We’ve lived so long under the spell of hierarchy—from god-kings to feudal lords to party bosses—that only recently have we awakened to see not only that “regular” citizens have the capacity for self-governance, but that without their engagement our huge global crises cannot be addressed. The changes needed for human society simply to survive, let alone thrive, are so profound that the only way we will move toward them is if we ourselves, regular citizens, feel meaningful ownership of solutions through direct engagement. Our problems are too big, interrelated, and pervasive to yield to directives from on high.
—Frances Moore Lappé, excerpt from Time for Progressives to Grow Up

Friday, March 23, 2012

Making sense of Egypt: Part One, in defence of conspiracy as a method

Click here to access article by Ahmed Badawi from openDemocracy (UK). 

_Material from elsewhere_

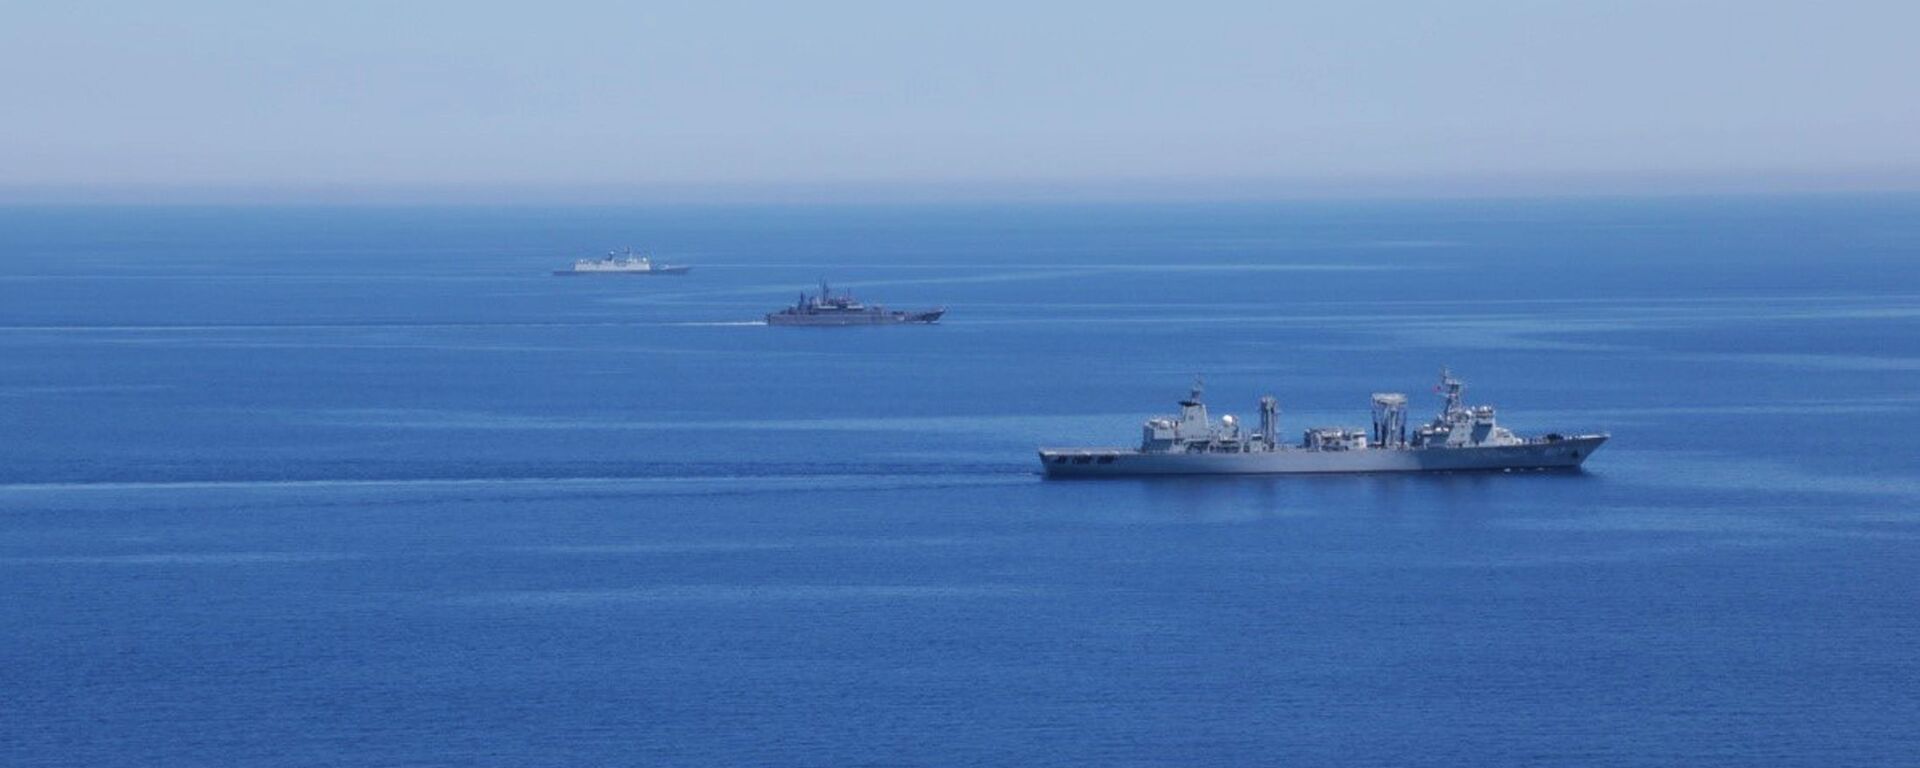 Các tàu của Hải quân Nga và Trung Quốc trong cuộc tập trận chung mang tên “Hợp tác trên biển -2015” ở Địa Trung Hải. - Sputnik Việt Nam, 1920, 24.10.2021

I am posting this article (Part One only) as a study in the necessity of forming alternative theories for events which cannot be satisfactorily explained by theories or reports handed down from various authorities of the ruling class. Such efforts have been widely smeared in mainstream media using pejorative labels-- "conspiracy theories" and "conspiracy theorists".
It is here that the assumption of conspiracy is most useful. When information is imperfect, it helps to complete the picture and to join the dots. It is a device, a method of explanation. It allows us to examine and make sense of a complex world, dominated by powerful associations of men and women who do not readily make their selfish objectives, and the strategies they use to pursue them, known to the wider public, and to well-meaning but gullible ethnographers and journalists. It is a tool of critique. It helps to expand the scope of analysis, to throw doubt on and question that which is supposed to be taken at face value and not to be questioned. It is an intuitive attempt to counter dubious accounts of reality produced by those who are in power, their agents and those who wittingly or unwittingly come under the sway of the words and images they circulate and unreflectively propagate them. One of the most powerful tools those unscrupulous power holders have to discredit their critics is to describe their counter-claims as a conspiracy theory, exactly what someone like Tony Blair did when he denied any complicity between his government and giant oil firms before the invasion of Iraq.